An investigation of "Three Cups of Tea" author Greg Mortenson and his charity the Central Asia Institute over its administration was settled Thursday. According to the terms of the agreement, Mortenson will stay with the charity and has three years to pay it $1 million of his own money as compensation for using charitable funds to promote and buy his books.

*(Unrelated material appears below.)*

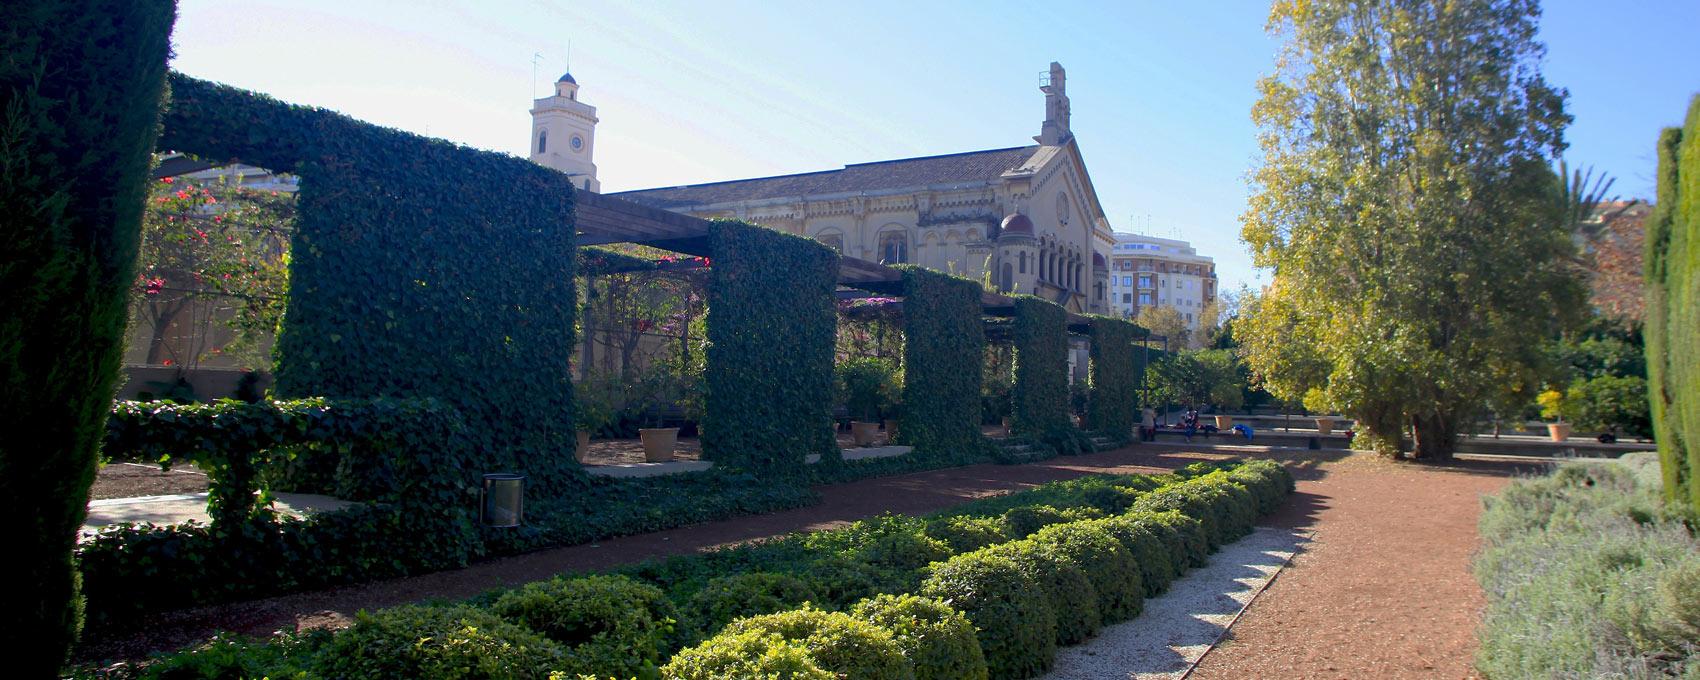 Ubicada en una cantonada del jardí, ofereix un espai diferenciat de la resta

The investigation was spearheaded by authorities in Montana, where the Central Asia Institute is registered. The settlement will allow Mortenson's charity to continue its work building schools in Afghanistan and Pakistan, albeit with major structural changes -- and Mortenson's repayment plan.

Mortenson has already paid back about half the funds, says Anne Beyersdorfer, the interim executive director. Mortenson stepped down as executive director and has left the board, but will remain an employee of the organization.

Mortenson made bestseller lists with "Three Cups of Tea" and "Stones into Schools," his tales of mountaineering and school building in Afghanistan and Pakistan. He was a popular speaker who spent much of his time -- and, it turned out, charitable funds -- touring the country talking about his books and work.

According to the Montana Attorney General's office, since 2006 the charity spent $4.9 million advertising Mortenson's two books and $4 million buying copies of them to give away to schools and libraries.

The reports about possible improprieties was brought to light by writer Jon Krakauer in April 2011. Krakauer's contentions about goings-on at the Central Asia Institute were broadcast on "60 Minutes" and caused a sensation. They were immediately followed by "Three Cups of Deceit," a 75-page story by Krakauer that launched the Byliner original e-book shorts for the Kindle; it quickly became a bestseller in its own right. Krakauer, the author of "Into Thin Air" and other bestsellers, also questioned the veracity of some of Mortenson's mountaineering stories. He visited remote locations where schools built by the charity stood empty, with no furniture or books.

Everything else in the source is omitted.